How are we using deleteByQuery?
update(add=[{uid: foo-123, sku: 123, ...}, {uid: bar-124, sku: 124} ...],
deleteByQuery=["sku: 123 AND uid != foo-123", "sku: 123 AND uid !=
bar-124"])
UID is the uniqueKey for the index. We do this because "foo" or "bar" could
change and we no longer want the previous document present.
Ideally we should probably change our uniqueKey to be `sku` in this case
and we would no longer need deleteByQuery but what could be interesting is
why deleteByQuery causes such performance bottleneck as well as how we
could potentially optimize it if we wanted to keep it?
Marius
On Wed, Jun 8, 2022 at 8:41 PM David Hastings <[email protected]>
wrote:
> > * Do NOT commit after each batch of 1000 docs. Instead, commit as seldom
> as your requirements allows, e.g. try commitWithin=60000 to commit every
> minute
>
> this is the big one. commit after the entire process is done or on a
> timer, if you don't need NRT searching, rarely does anyone ever need that.

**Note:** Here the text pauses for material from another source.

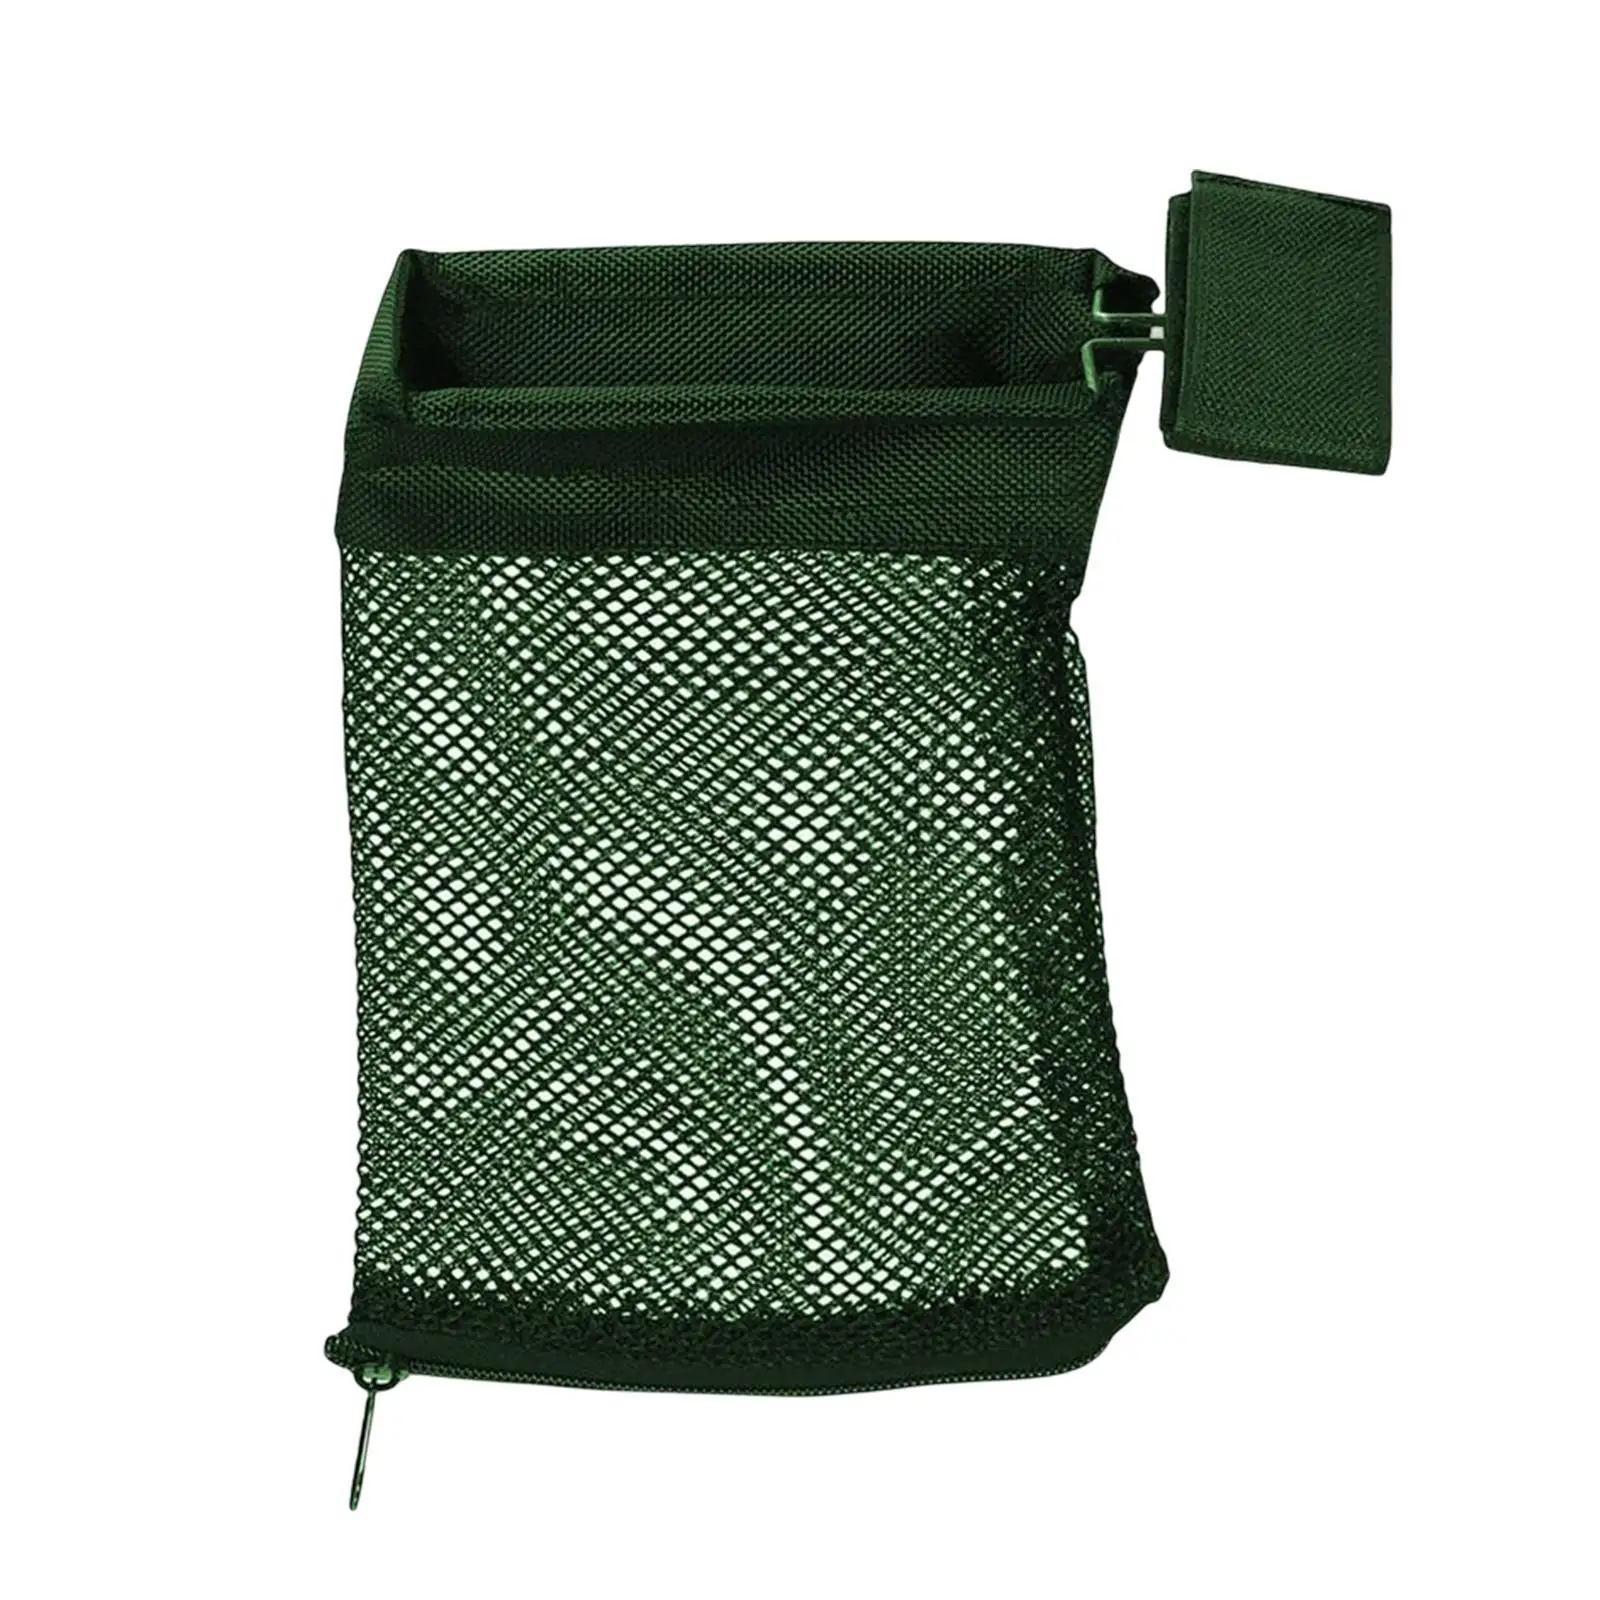 Recycled Bag Holder Lightweight Organizer Storage Bag for Camp Travel

> the commit is a heavy operation and takes about the same time if you are
> committing 1000 documents or 100k documents.
>
> On Wed, Jun 8, 2022 at 10:40 AM Jan Høydahl <[email protected]> wrote:
>
> > * Go multi threaded for each core as Shawn says. Try e.g. 2, 3 and 4
> > threads
> > * Experiment with different batch sizes, e.g. try 500 and 2000 - depends
> > on your docs what is optimal
> > * Do NOT commit after each batch of 1000 docs. Instead, commit as seldom
> > as your requirements allows, e.g. try commitWithin=60000 to commit every
> > minute
> >
> > Tip: Try to push Solr metrics to DataDog or some other service, where you
> > can see a dashboard with stats on requests/sec, RAM, CPU, threads, GC etc
> > which may answer your last question.
> >
> > Jan
> >
> > > 8. jun. 2022 kl. 14:06 skrev Shawn Heisey <[email protected]>:
> > >
> > > On 6/8/2022 3:35 AM, Marius Grigaitis wrote:
> > >> * 9 different cores. Each weighs around ~100 MB on disk and has
> > >> approximately 90k documents inside each.

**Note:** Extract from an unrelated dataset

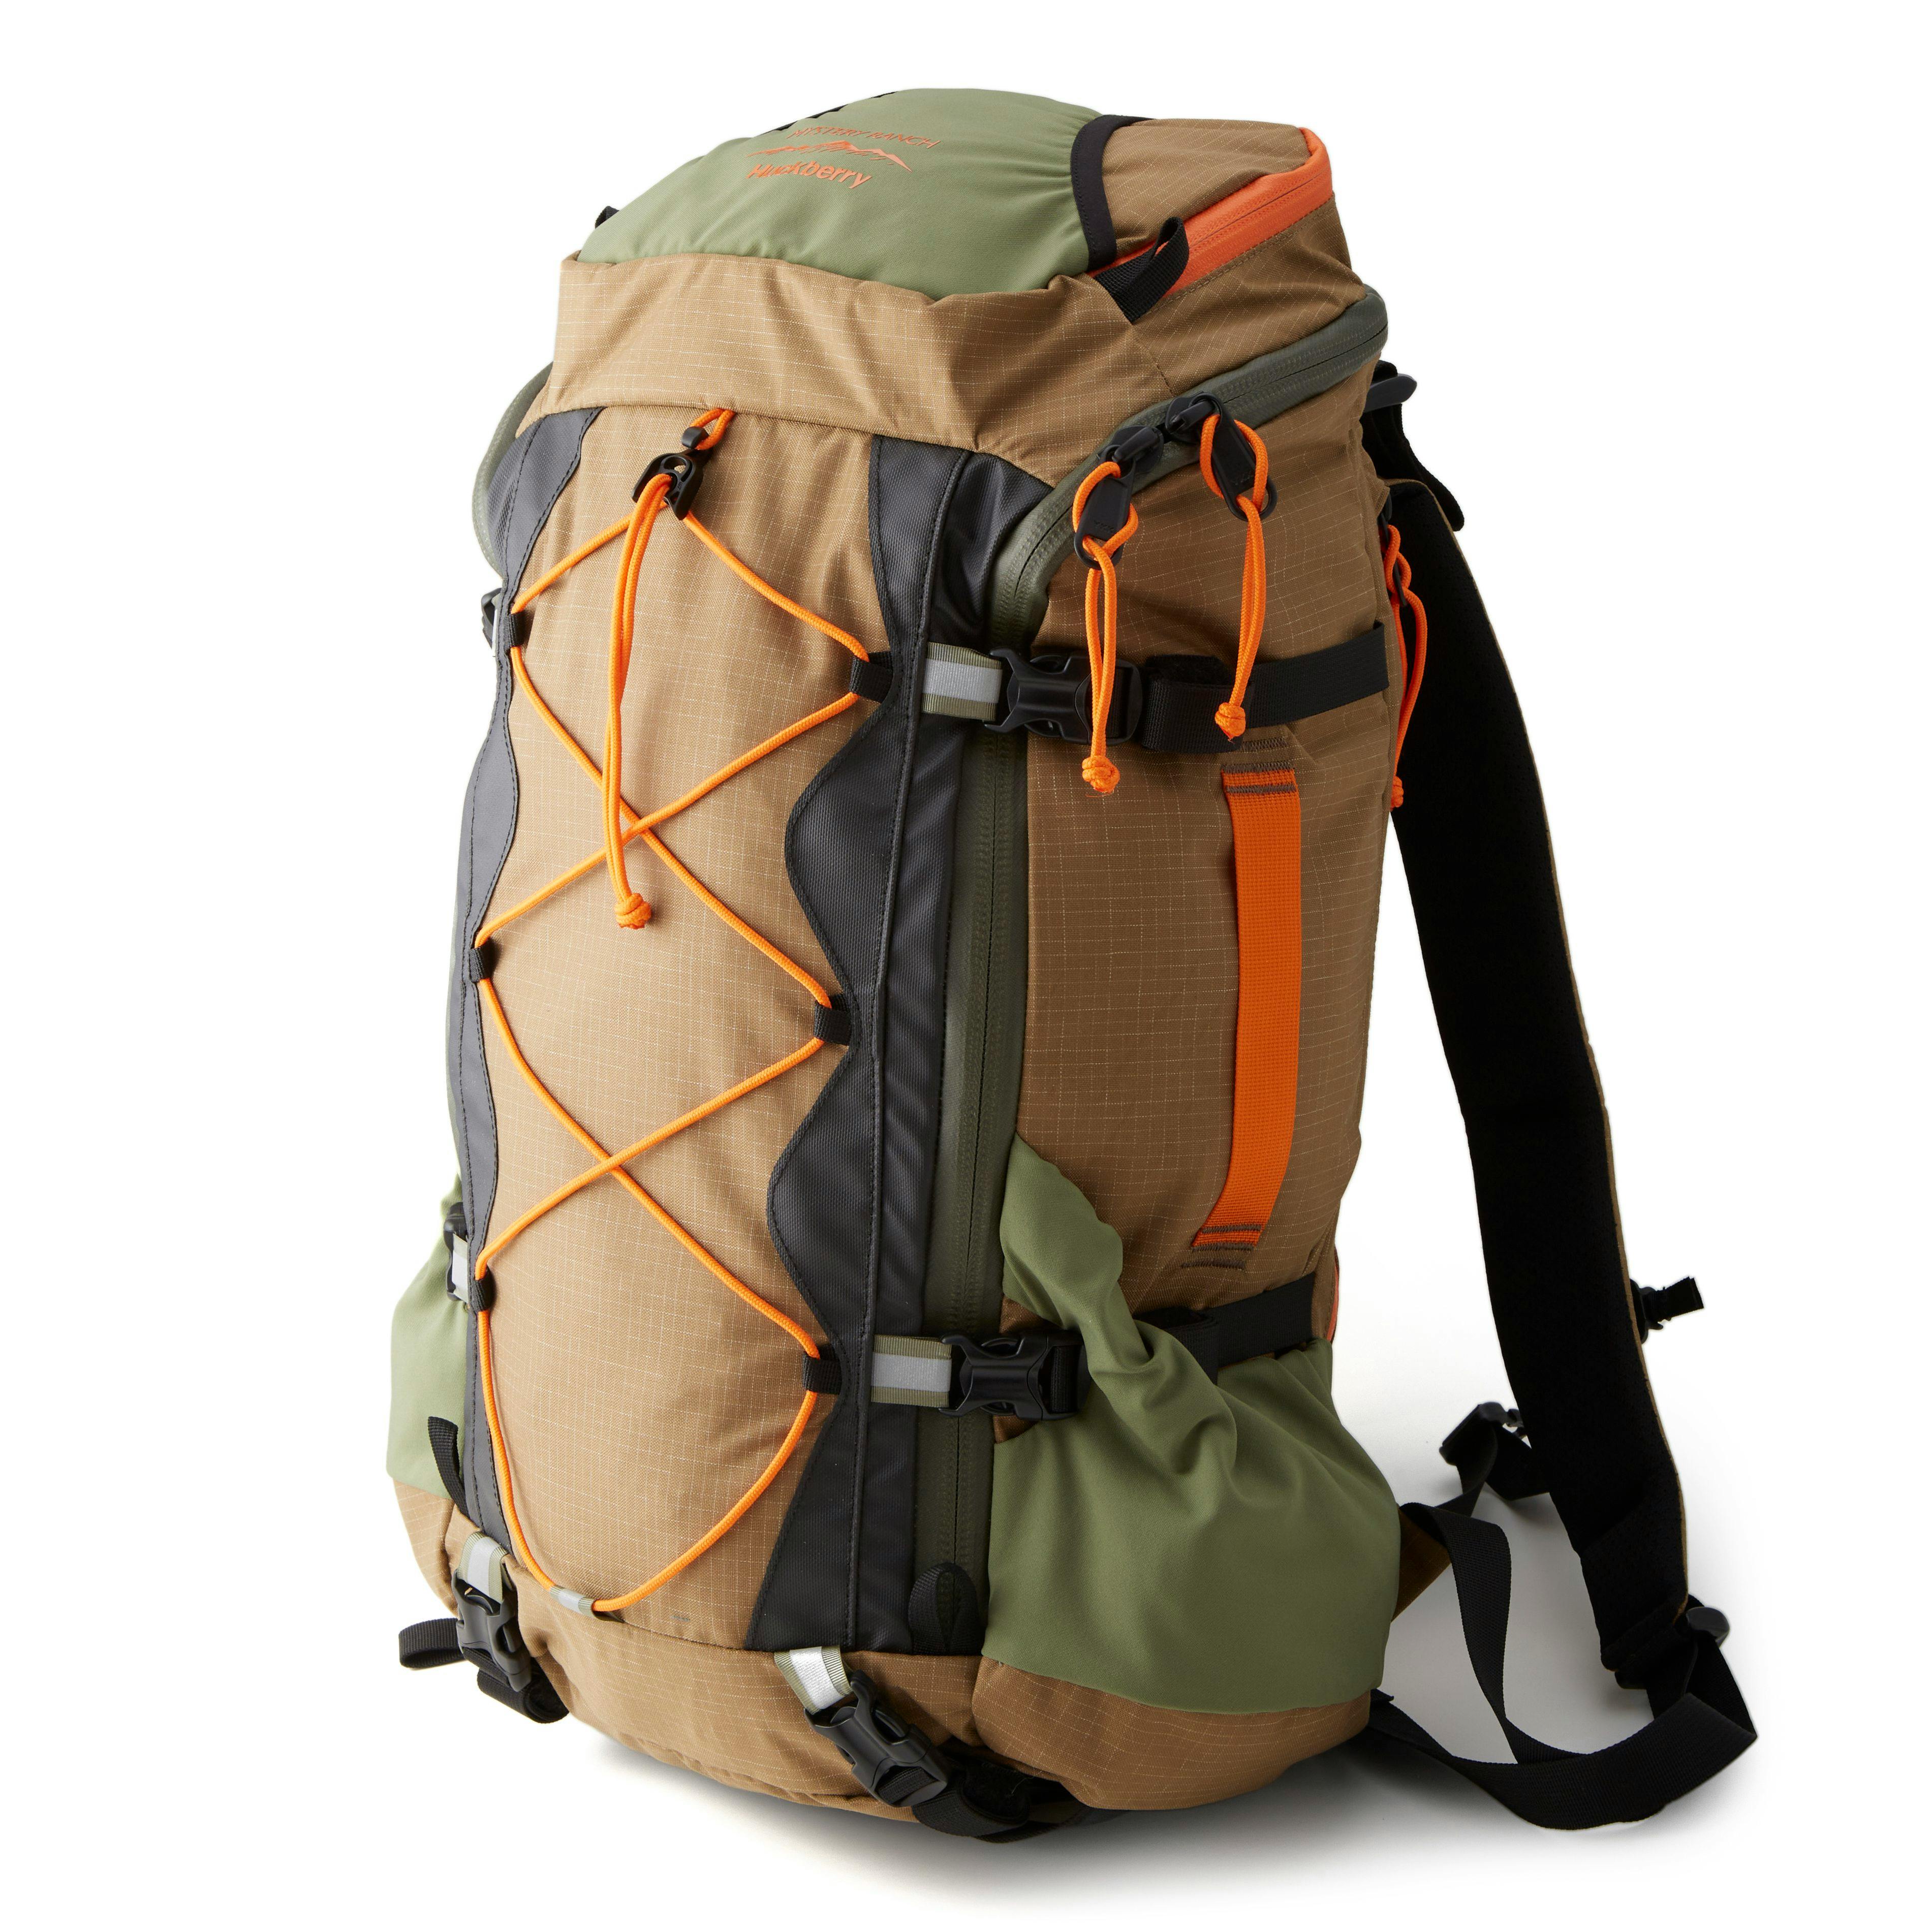 Tough Terrain Backpack

> > >> * Updating is performed using update method in batches of 1000,
> around 9
> > >> processes in parallel (split by core)
> > >
> > > This means that indexing within each Solr core is single-threaded. The
> > way to increase indexing speed is to index in parallel with multiple
> > threads or processes per index. If you can increase the CPU power
> > available on the Solr server when you increase the number of
> > processes/threads sending data to Solr, that might help.
> > >
> > > Thanks,
> > > Shawn
> > >
> >
> >
>